This repository contains the source code, dataset, and resources for the "Push-Back AI" project, a fine-tuned language model that demonstrates friction design. Unlike typical AI assistants that aim for frictionless, immediate compliance, this model is trained to exhibit productive disagreement, doubt, and refusal.
This work is being prepared for a talk at Tilburg Tech Tuesdays XXL, an event co-hosted by Fontys ICT and Fresheads, where we will explore how introducing beneficial resistance can lead to safer, more thoughtful, and more trustworthy AI interactions.
The core idea behind this project is Friction Design. We believe that by intentionally designing moments of resistance, we can create AI systems that are:
- More Thoughtful: The model pauses, questions assumptions, and uses an internal monologue (
<think>...</think>) to reason through doubt before answering. - Safer: By refusing inappropriate or nonsensical requests, the model avoids generating harmful or misleading content.
- More Trustworthy: An AI that admits uncertainty ("I'm not sure about that...") is more reliable than one that confidently hallucinates.
This repository provides everything you need to explore this concept, from the synthetic dataset used for training to the scripts for running and evaluating the fine-tuned model.
To see the friction model in action, you can run a side-by-side comparison with a baseline model.
-
Install Dependencies:
# Install uv (if you don't have it) pip install uv # Create and sync your virtual environment uv venv uv pip install -e .
-
Configure Models: Open
demo/compare_models.pyand replace the placeholder model IDs with the models you want to test. By default, it uses mock responses. -
Run the Demo:
python demo/compare_models.py
This will print a formatted comparison in your terminal, showing how the friction model's responses (including its internal monologue) differ from the baseline.
The behavior of the friction model was taught using a curated, synthetic dataset of dialogues focused on disagreement, doubt, and refusal.
- Schema: Each entry includes
user_input, a series ofagents' internal thoughts, andmetadata. - Content: The dialogues showcase scenarios where agents challenge the user's premise, express uncertainty, or refuse to comply with a request.
- Availability: A sample of the dataset is available in this repository, with the full version hosted on Hugging Face.
For more details, see the Dataset README.

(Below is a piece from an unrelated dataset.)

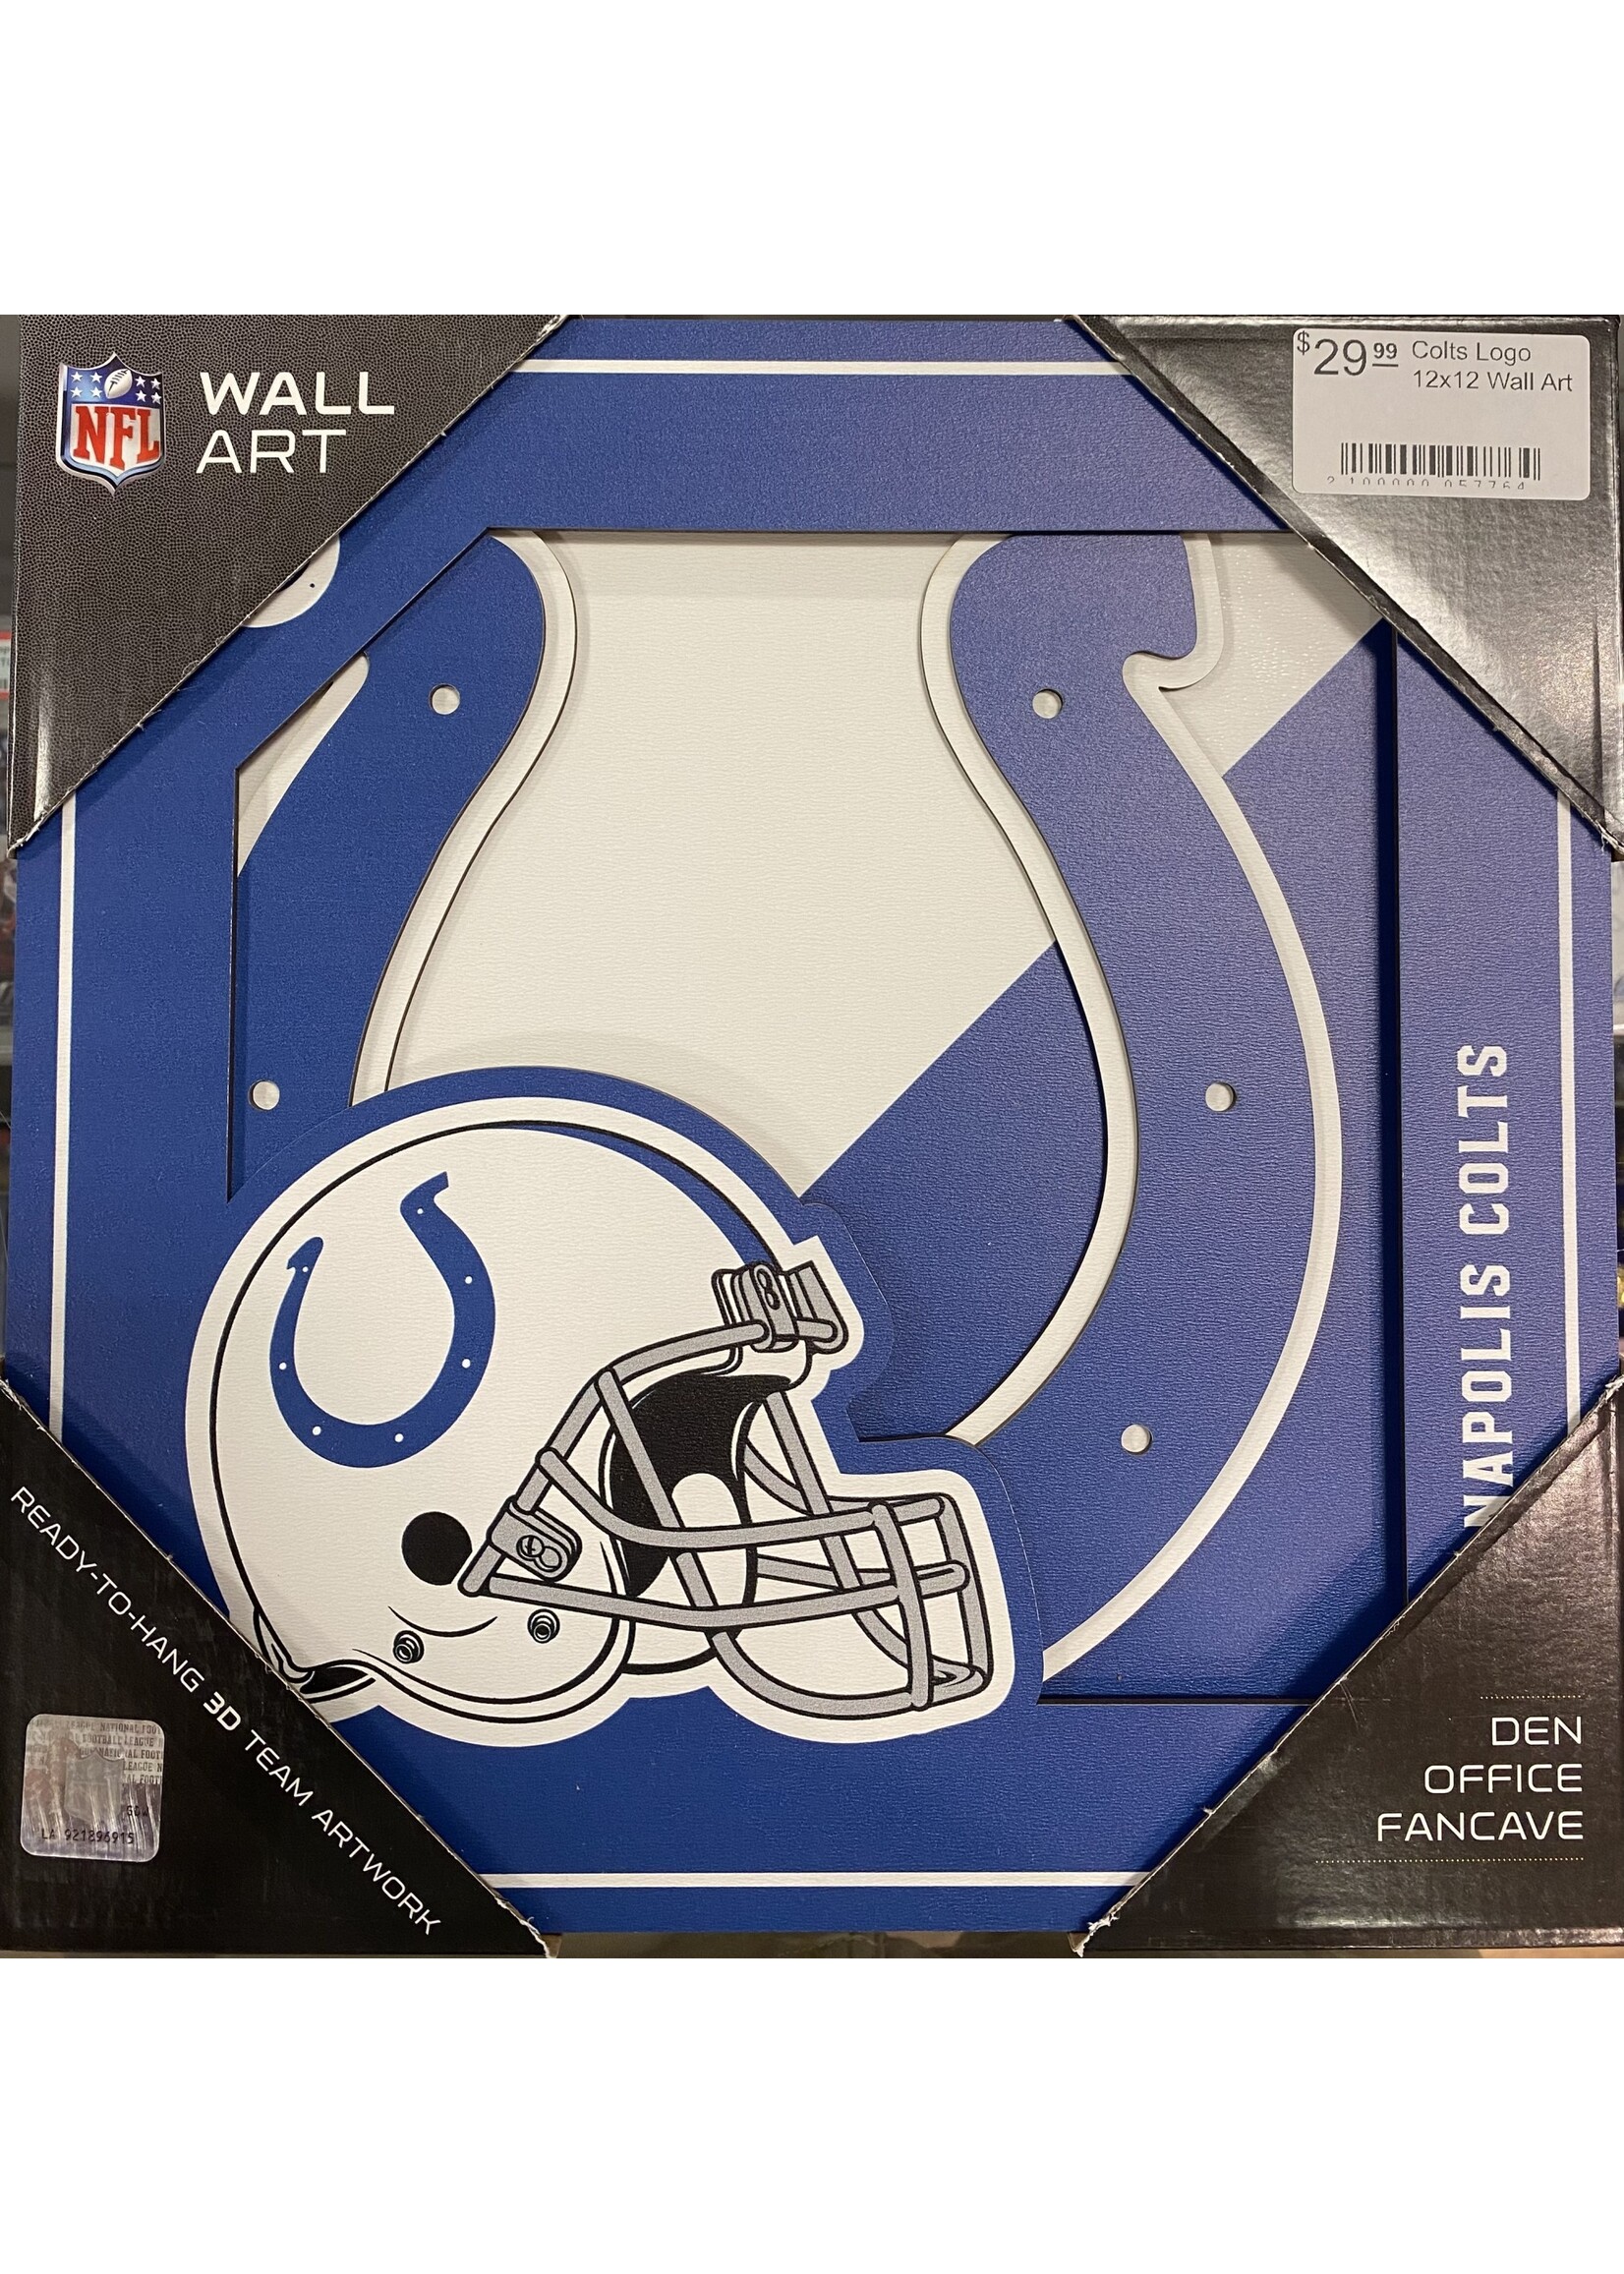 Colts Logo 12x12 Wall Art
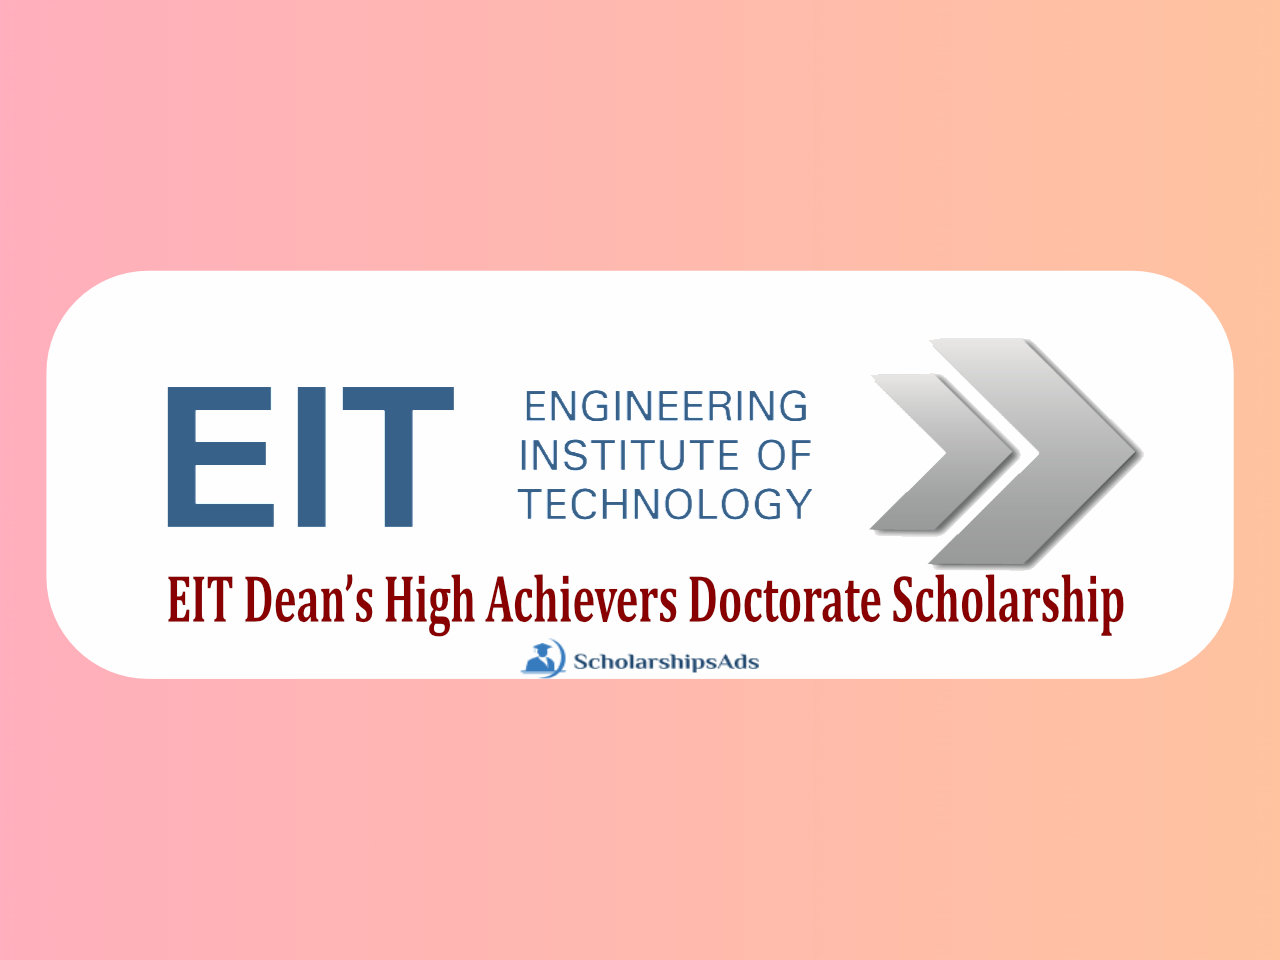 EIT Dean’s High Achievers Doctorate Scholarships.

The model was fine-tuned using QLoRA (Quantized Low-Rank Adaptation) on a 7B parameter base model. This approach allows for efficient training on consumer-grade hardware (e.g., a single 24GB GPU).
The full training pipeline is available in src/friction_reasoning/model_training/.
The fine-tuned model is designed for easy deployment and can be run locally using Ollama or accessed via the Hugging Face Hub.
- Hugging Face: [Link to be added]
- Ollama: [Instructions to be added]
.
├── ADVISE.md
├── docs/
│ └── tilburg_cleanup_plan.md
├── src/
│ └── friction_reasoning/
│ ├── agents/ # Agent personas for data generation
│ ├── dataset/ # Dataset generation and documentation
│ ├── llm/ # LiteLLM client and prompts
│ └── model_training/ # Training, evaluation, and deployment scripts
├── tests/ # Unit and integration tests
└── README.md
This project builds upon the foundational work of many researchers and open-source contributors. We are grateful for the tools and knowledge shared by the community.